Ci sono aree di competenze in cui notate una domanda particolarmente alta in Italia?
Vediamo moltissima richiesta di competenze di migrazione, vista ormai come passaggio fondamentale. All’inizio era vista come punto d’arrivo: sono arrivato al cloud. Adesso è un punto di partenza: la migrazione predispone un ambiente pronto per innovare. Le modalità di migrazione delle aziende utenti sono molto varie. Abbiamo clienti che decidono dall’oggi al domani di migrare l’intera infrastruttura nel cloud. Altri che vogliono cominciare con il testare singole aree con POC (Proof of Concept), altri che migrano tutto ciò che non è mission critical, e altri ancora che cominciano proprio dal core business, che tipicamente è l’infrastruttura più datata e legacy.
AWS ha una struttura interna di servizi professionali. Quando intervenite in modo diretto nel progetto, e quando vi affiancate al partner?
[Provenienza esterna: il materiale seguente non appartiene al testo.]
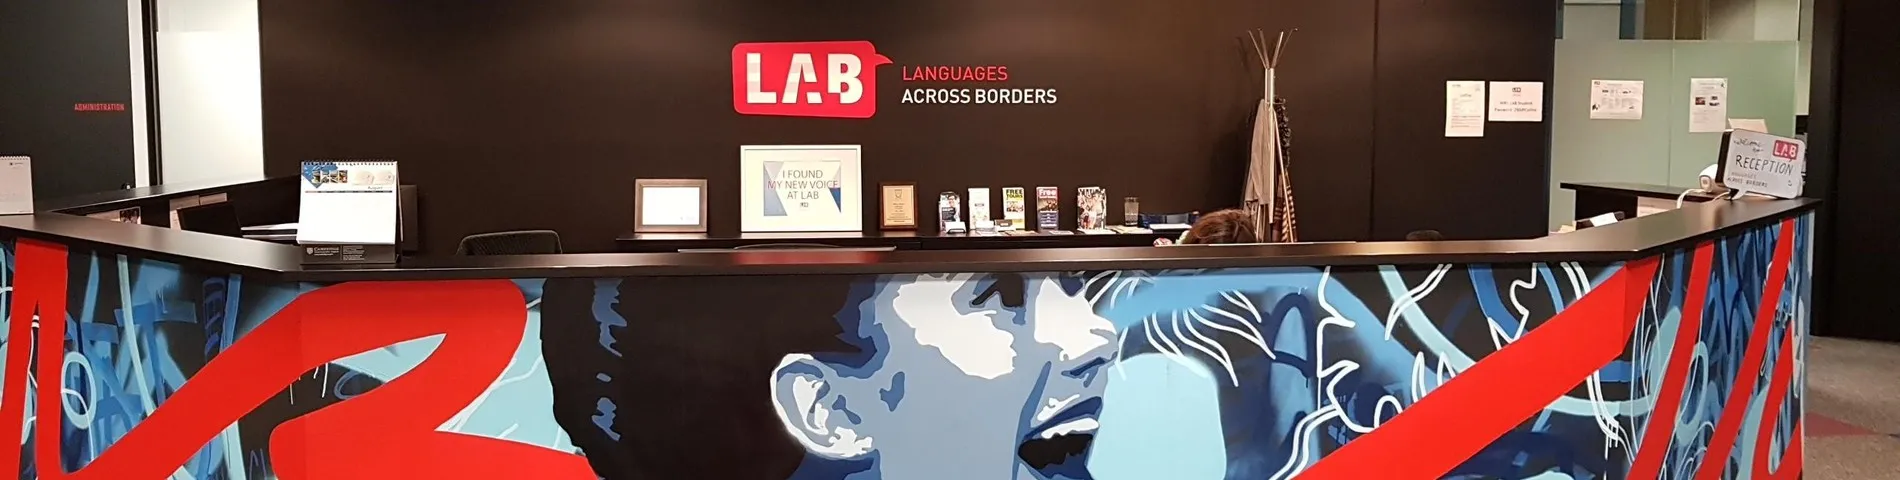 LAB - Languages Across Borders 사진 1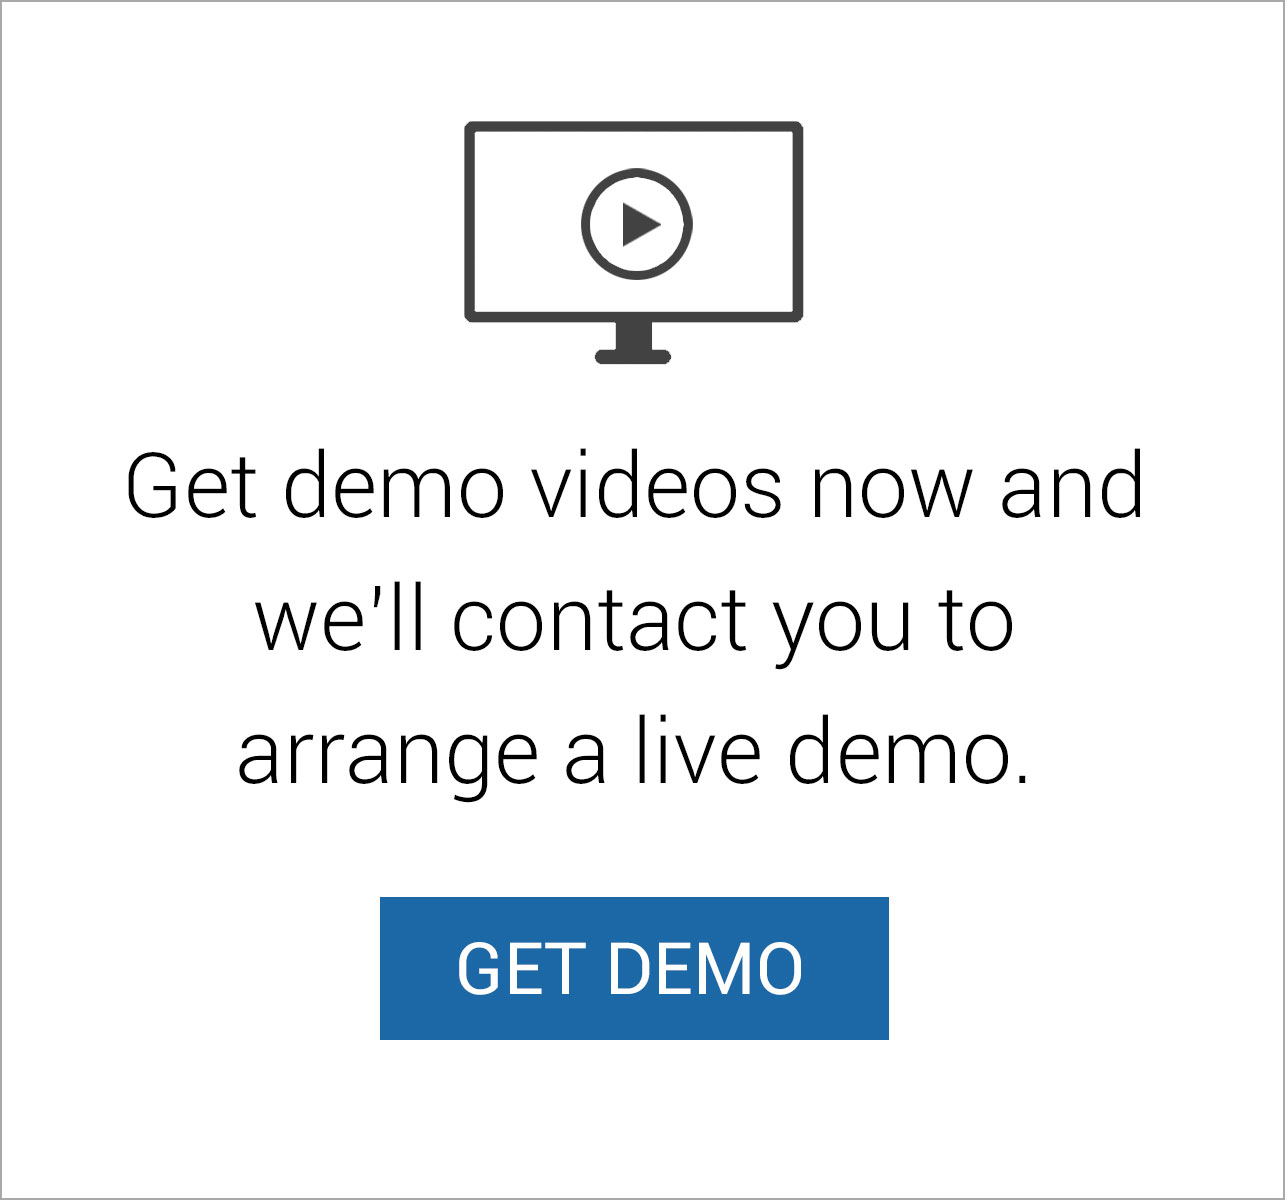 Get demo videos now

AWS ha un programma e una struttura all’interno del team professional services che è dedicata ai partner, e prevede appunto l’affiancamento ad alcuni partner durante i progetti. È un programma a cui sempre più partner si mostrano interessati. Abbiamo tre modalità di ingaggio. A volte è il partner che sta lavorando su una opportunità e che ha capacità limitate in un certo ambito che chiede il supporto della nostra struttura. In questo caso parliamo di “partner prime”: il partner gestisce i progetto e noi aumentiamo la sua “potenza di fuoco”. La seconda modalità è l’opposto: i nostri professional services lavorano sul cliente ma hanno bisogno di determinate capacità di determinati partner. La terza modalità è mista, il progetto vede contributi di partner su alcune aree e il nostro contributo su altre.
Noi siamo “customer obsessed” e andiamo incontro al cliente per trovare la soluzione che risolve meglio le sue esigenze. A volte i clienti chiedono i nostri professional services, a volte quelli dei partner. APN serve ai partner per crescere e procurarsi opportunità, ma anche ai clienti per sapere quali sono i partner che hanno determinate competenze.
Nel 2020 AWS ha aperto una cloud region a Milano: qual è il bilancio di questi due anni?
La region ha creato nuove opportunità per tutti. Per i clienti, che hanno una possibilità di scelta in più. Per i partner, che possono proporre diverse opzioni. E per il paese in generale. Abbiamo appena annunciato che da qui al 2029 investiremo 2 miliardi di euro nella region. Questo naturalmente oltre a quello che genererà la continua crescita del business AWS in Italia e del suo indotto nei partner e nei clienti. Sono segnali chiari dell’attenzione di AWS per l’Italia.